I’m in a bad mood pretty much as soon as I wake up.  JR hadn’t cleaned the dishes he’d been promising all weekend to clean, it was 5:30 and I had only gotten about 4 hours of sleep since SOMEONE decided that 1 am was a perfect time for a baby party.  The house was a mess (and I’d be the one that had to clean it) and it was Monday.  The week loomed before me like a dark cloud.

I’m not going to lie.  I don’t like being a suburban stay-at-home mom.  There’s not enough to do during the day, and the Kid gets cranky.  I don’t blame her, it’s boring at home with just the two of us.  I try to DO things – indoor playgrounds, The Children’s Museum, Gymboree – but there’s only so many times one can crawl up rope netting and slide down slides before it gets mundane.

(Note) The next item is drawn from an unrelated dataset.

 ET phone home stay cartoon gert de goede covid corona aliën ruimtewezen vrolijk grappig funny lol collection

She’s not old enough to play on playgrounds by herself, plus she’s not quite independent enough.  She’s a confusing mix of not enough and too much.  At home, it’s “no. no. no.” all day.  She doesn’t want help putting on her shoes, or walking down the front steps.  She wants to drink out of a cup by herself, and play DVDs on her own.  But we get in public, where she can run and jump and climb, and she’s afraid.  She doesn’t climb up the netting alone; she wants my hand to help her over the plastic rims into the tunnel.  I know she could do it, but she doesn’t.

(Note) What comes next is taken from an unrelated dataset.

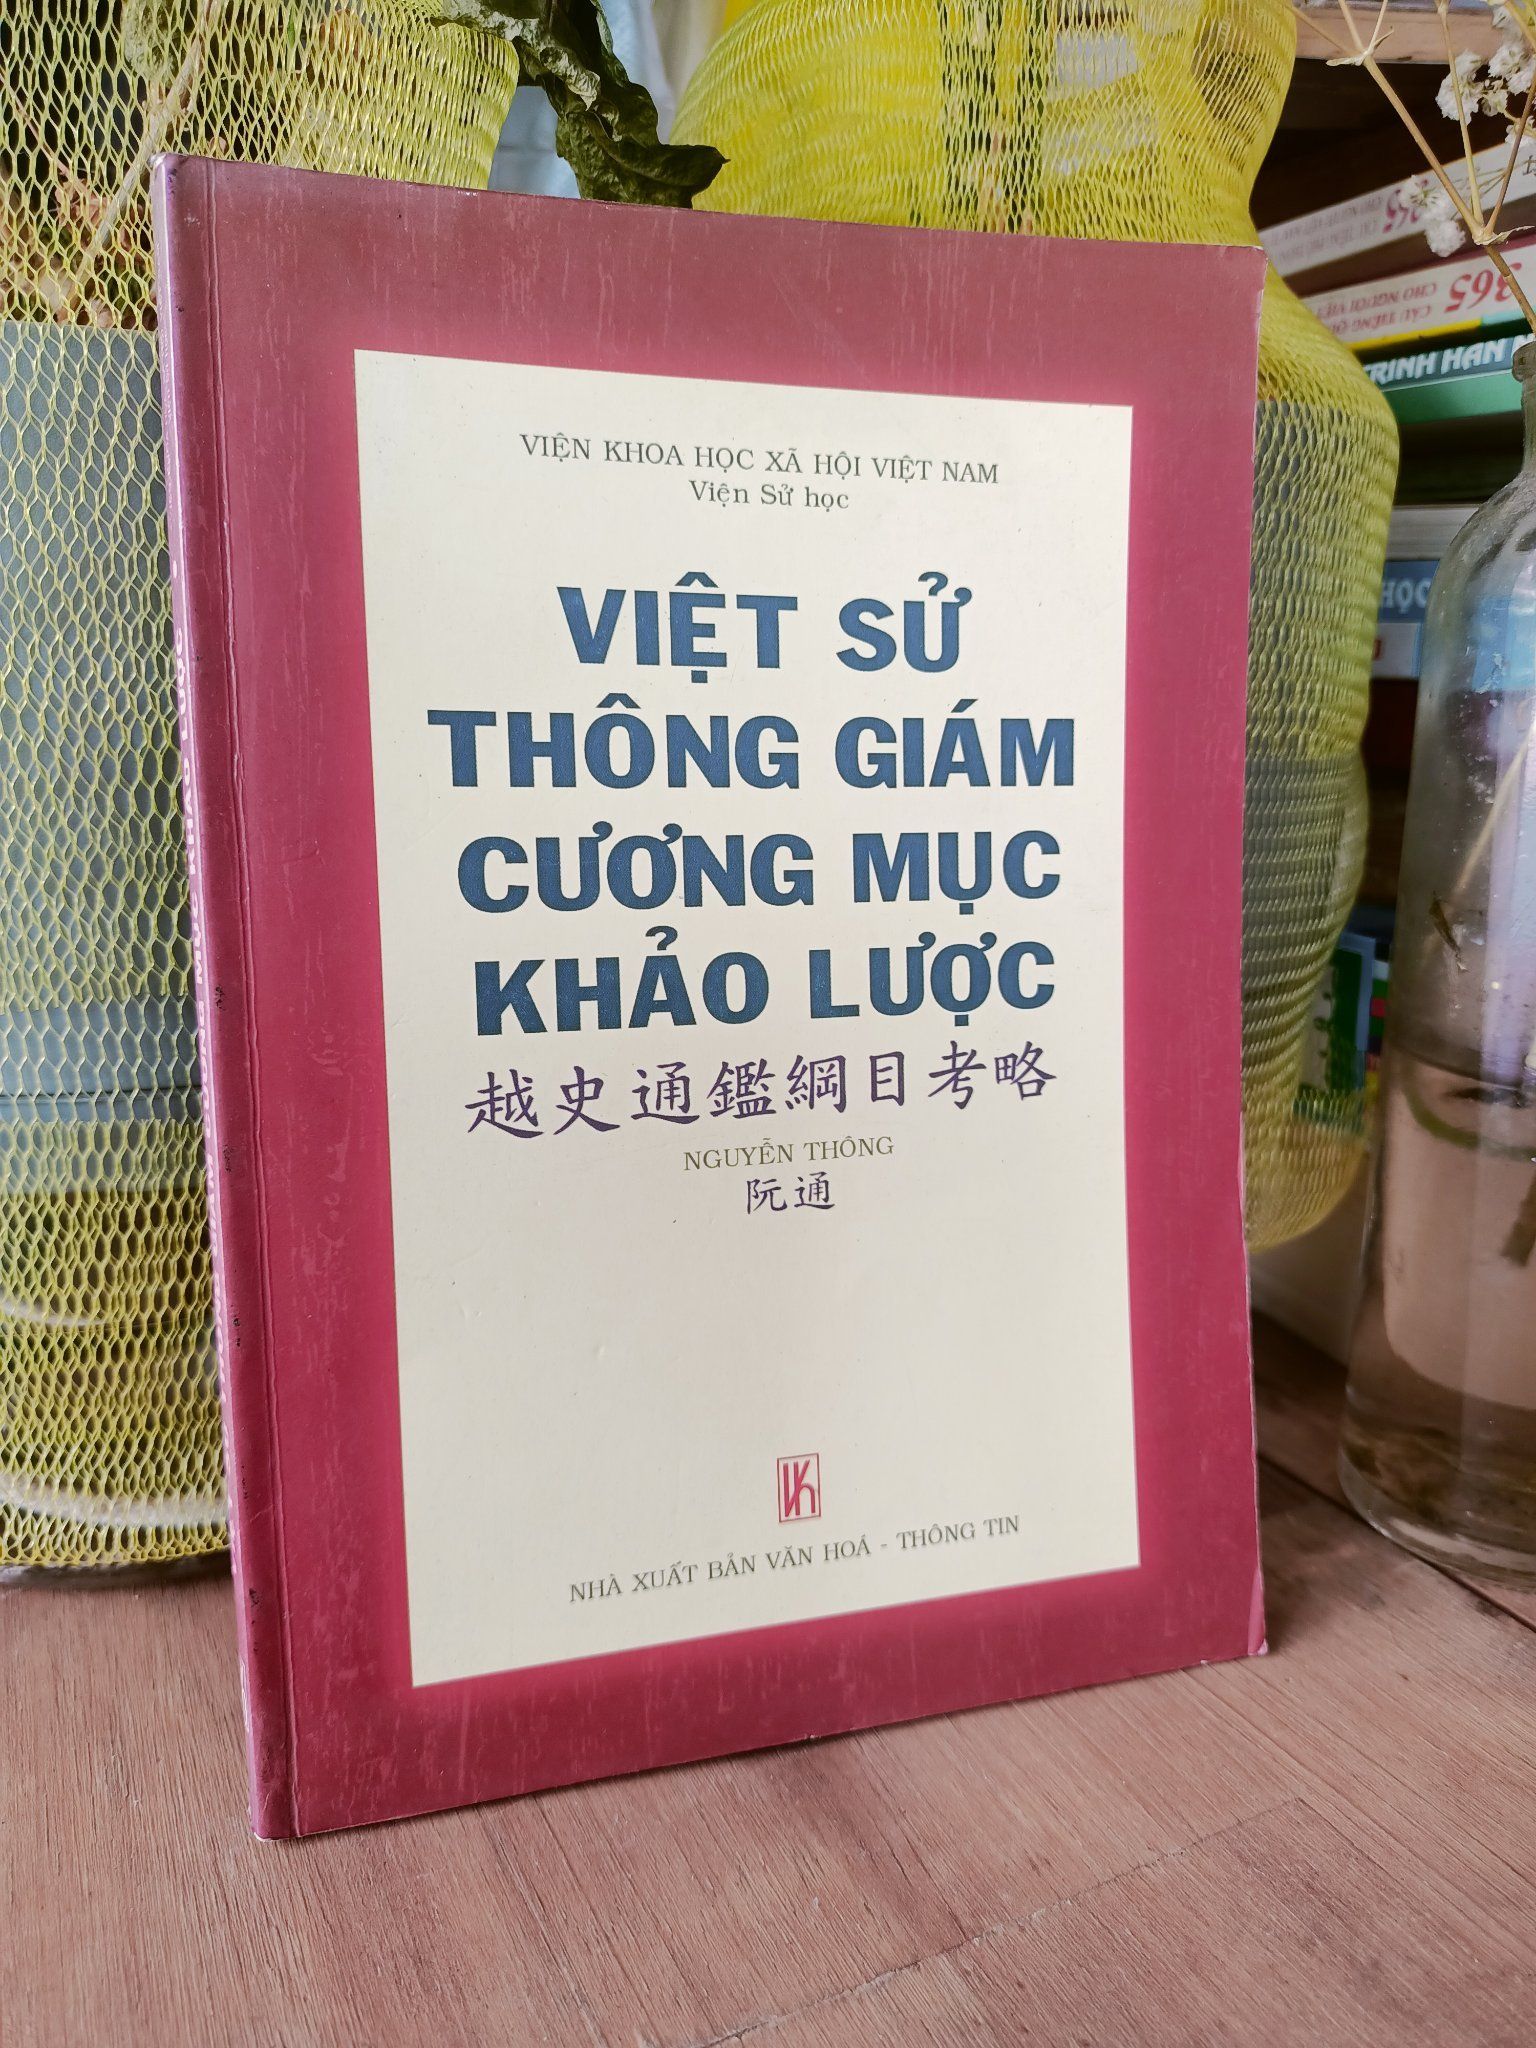  Việt sử thông giám cương mục khảo lược - Nguyễn Thông

I’m in a bad mood, and she’s not helping.  She insists on being held when she eats.  She says she’s hungry, but doesn’t want any of the usual lunch time meals.  We end up with cranberry sauce, and she eats a few bites before she screams in her highchair; twisting and thrashing until I pick her up.  It takes me three tries before we finally are on the road; I left my cell phone inside, then I forgot that JR took the carseat out of the car this morning.  She fusses the whole way to The Stomping Grounds, and I find myself wishing I were sitting in a cubicle, having a conversation with someone in English, not the French my daughter seems to be speaking.

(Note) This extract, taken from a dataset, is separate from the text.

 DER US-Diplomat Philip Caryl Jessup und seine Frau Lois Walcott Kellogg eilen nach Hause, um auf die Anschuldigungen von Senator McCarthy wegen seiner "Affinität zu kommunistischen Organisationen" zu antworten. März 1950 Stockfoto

We arrive at the indoor playground that we’ve been to at least 30 times in the last month.  Our shoes come off, and I notice how many other mom’s are here.  They’re all in groups of 4 or 5, laughing, reprimanding, smiling.  They all look older than me, all in matching, high end clothes.  A sharp contrast to my grey corduroys and red Element t-shirt.

We walk to the big kids playground.  Claire wants nothing to do with the “Under 2” side of the park.  I help her up to the top level and we putz around a bit.  There’s a tunnel at the very top.  It’s made of interlocking strips of mesh, divided into 4 parts each separated by a slippery yellow piece of plastic.  We’ve never been through that tunnel; Claire’s feet slip through the holes and she thinks she can’t get them out by herself.  She always notices that tunnel, even lowering herself into the first section, before she gets discouraged and climbs back out to play somewhere safer.

There are about 10 kids running around today.  Some of the boys are as old as 6 or 7, but there’s a little girl who couldn’t have been more than 2.  She wasn’t much bigger than Claire, but she was noticably braver.  She climbed up the rope ladder, ran through the tunnels.  She was by herself, and very determined.  She never cracked a smile, and she noticed Claire right away.  Claire noticed her too.  Claire followed this little girl over the bridges that she knew, around the ball pit where she loved to sit.  Then the little girl went up the steps to the tunnel.

Claire followed her, cautiously.  I sat back and watched, reach to jump to her rescue should she get stuck.  She followed the little girl into the first part of the tunnel, carefully placing her feet in the cross sections of the mesh so as not to fall through.  The little girl flew through the first section, and jumped over the yellow plastic divider.  Then, she stopped and sat in the second section as Claire carefully put one leg over the plastic piece.  Claire reached one hand out and felt the rope on the side, and pulled herself over.  The little girl raced ahead, vaulting the second divider with ease.  Claire followed her, putting her hand where the little girl had, placing her feet carefully.  She climbed over the second divider where the little girl was waiting.  They continued on this path through the whole tunnel; the little girl going first and Claire following slowly behind.

They reached the last section when suddenly the little girl turned and went back the way they had just come.  Without blinking, Claire turned around and followed.

We had been to this playground at least 30 times in the last month.  Claire had never even tried to go through that tunnel until today.  She never tried, until a little girl, not much bigger than her, showed her the way.  When she came out the front again, and saw me waiting for her right where she left me, her face broke out into a huge grin.  I reached for her to give her a hug.  I wanted to hold her and tell her how proud I was of her, for figuring out something on her own.  I wanted to thank her for showing me how to face my own tunnel, with a quiet determination only kids can master.  I wanted to kiss her and tell her how glad I was that I was here to witness a huge step toward her independence.

But she pulled away before I could say anything, and went back over the bridge to sit in the ball pit, chit chattering in her own French the whole way.